А пароходы-то на дровах ходили, вот мы с Шишкиным целыми днями и ночами кидали швырок в топку. Двадцать два дня плыли! А через полгода возвращались – в рубашке да в кальсонах. Под Киренском снег пошёл, вот-вот шугу понесёт! Ладно, доскреблись кое-как. Я-то в Казарках слез, а Шишкин до Осетровой проплыл – стыдно ему было в деревне в таком виде показаться, а в Усть-Куте у него тётка жила. Помню, пришёл я огородами к дому родителев – худой, обовшивевший, в руках – фанерный чемоданчик… – Дед некоторое время молчит, должно быть, вернувшись в памяти к истоку жизни, протёкшей, как эта река, но нет в его глазах ни печали, ни сожаления, и заканчивает он жизнеутверждающей моралью: – И сапожниками не стали, но свет повида-али!

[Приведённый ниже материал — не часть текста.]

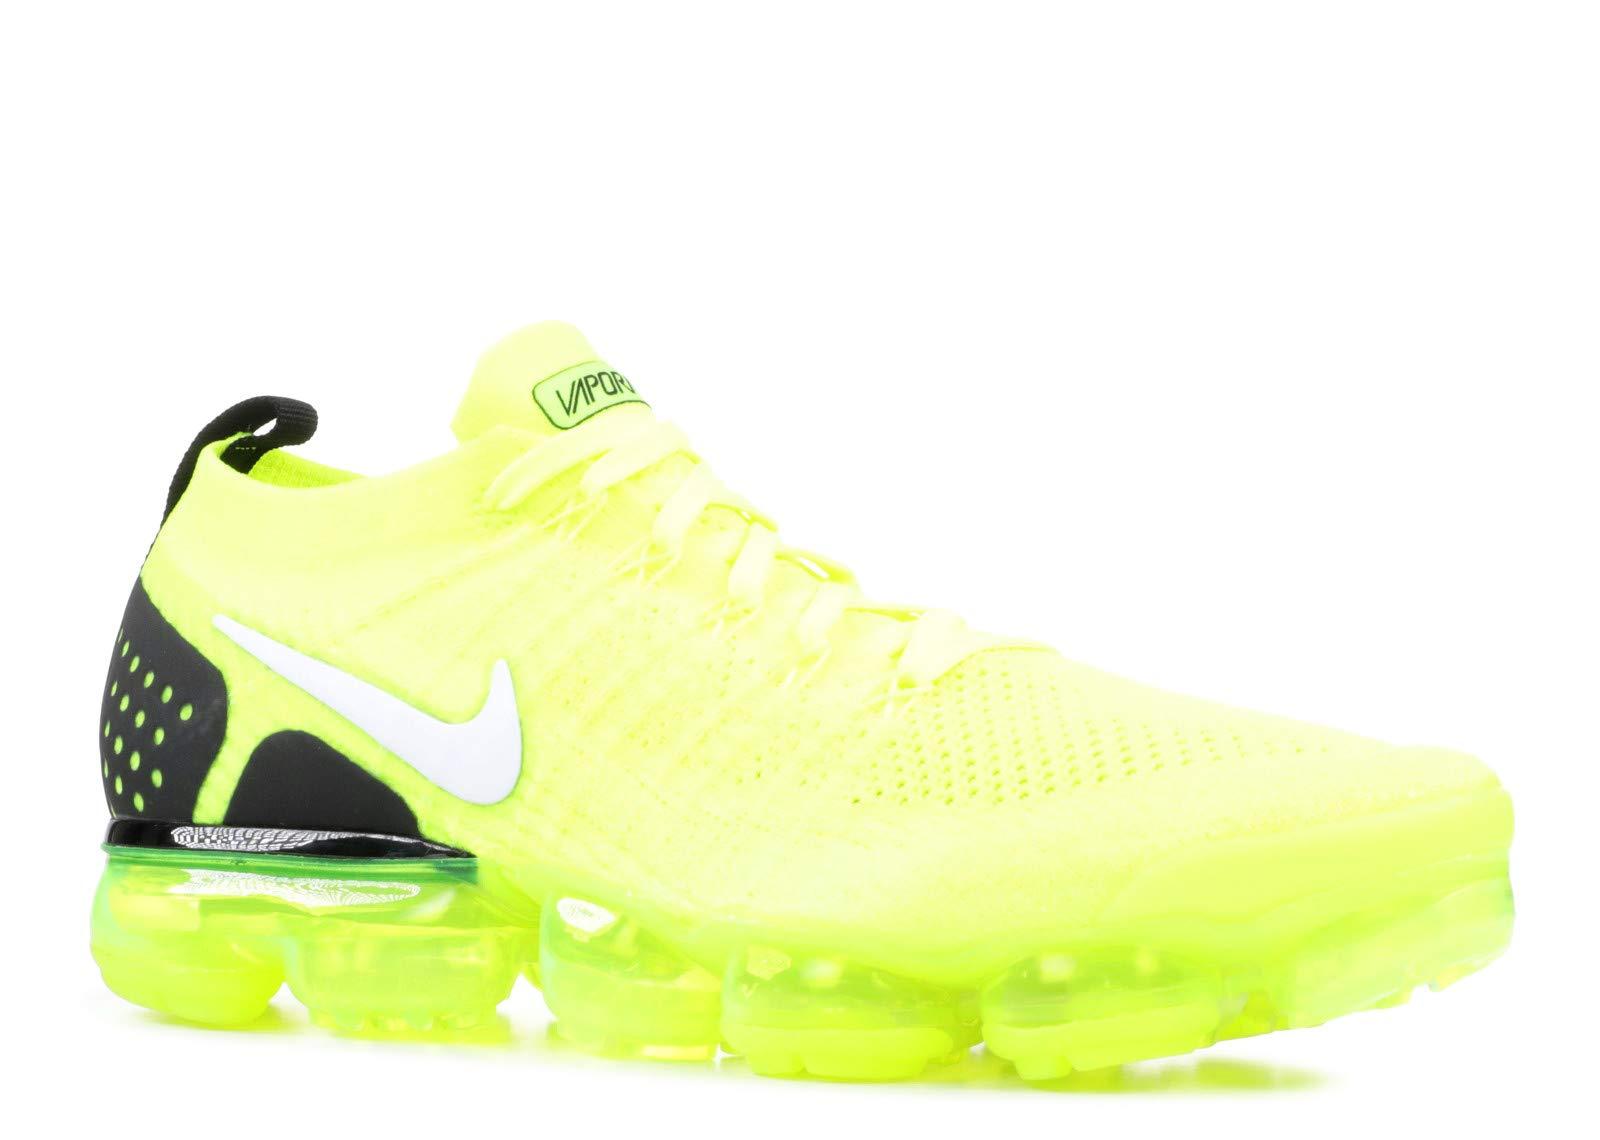 Nike Men's Air Vapormax 2 Flyknit Volt/White/Black 942842-700 (Size: 7)
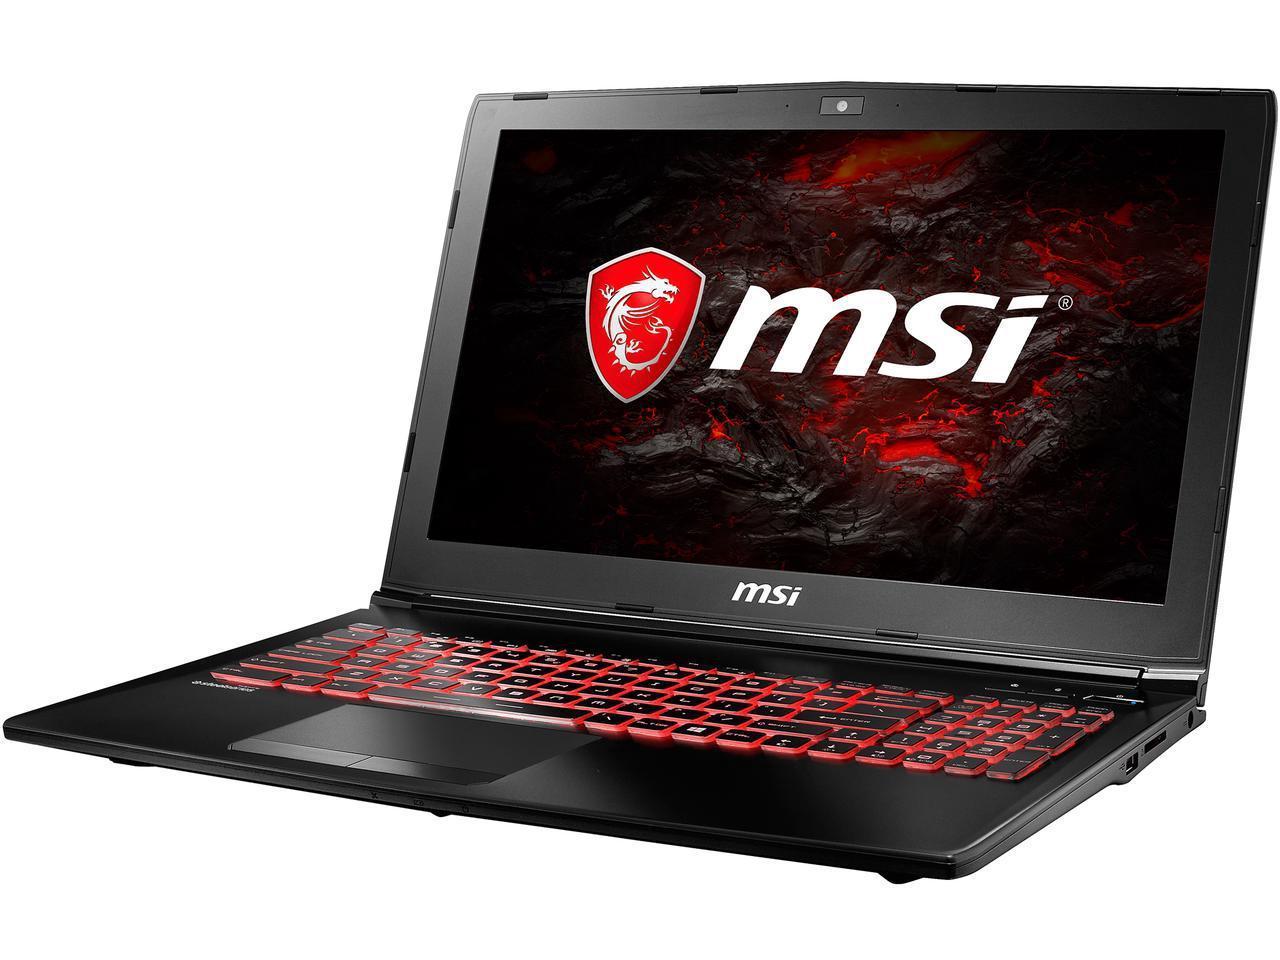 MSI GL62M 7RDX-NE1050i5 laptop: 15.6'' FHD, i5-7300HQ, 8GB DDR4, 1TB HDD, GTX 1050 2GB, Type-C, WIn10H @ $599 AR + F/S

Я не слышу старика. Я, как осовелый, смотрю на теплоход, и хотя тот уже далеко, в воздухе всё ещё живёт его музыка, в реке зыбятся поднятые им волны, а на фарватере белеет пенный шлейф. Но вот и «Благовещенск» скрылся за лесом, а там и вечернее красное солнце забредает в Лену по впалые бока. Мы молчим. Молчит луг. Только в траве ведёт свою песню-стёжку саранча да в затоне, охотясь за рыбёшкой, молотит хвостом жирующая щука. И вдруг – «Гу-гу-у-у…», но уже грустное, прощальное. Я срываюсь, бегу, падаю, расцарапываю голое тело о ветки шиповника. Но нет больше теплохода, нет счастливых людей, нет женщины в голубом платье…
– И куда этот поселенец побежал? В Пущино?! – настигает и бьёт по ушам истошный крик деда.
…Мишка находит меня на бруствере, садится рядом. Пуская блинчики, с интересом считает касания. Долго смотрит на воду.
– Светлеет Лена… К сентябрю вообще прозрачной будет, как родник. Белая блесна уже не пойдёт – красную надо. Или жёлтую, из латуни. У тебя есть латуневая?
– Нету.
– Подгоню по блату. Я до армии занимался – делал такие. Есть там одна уловистая – сколько щук перетаскал на неё! Мне-то она… Пойдём, а то они будут бухтеть!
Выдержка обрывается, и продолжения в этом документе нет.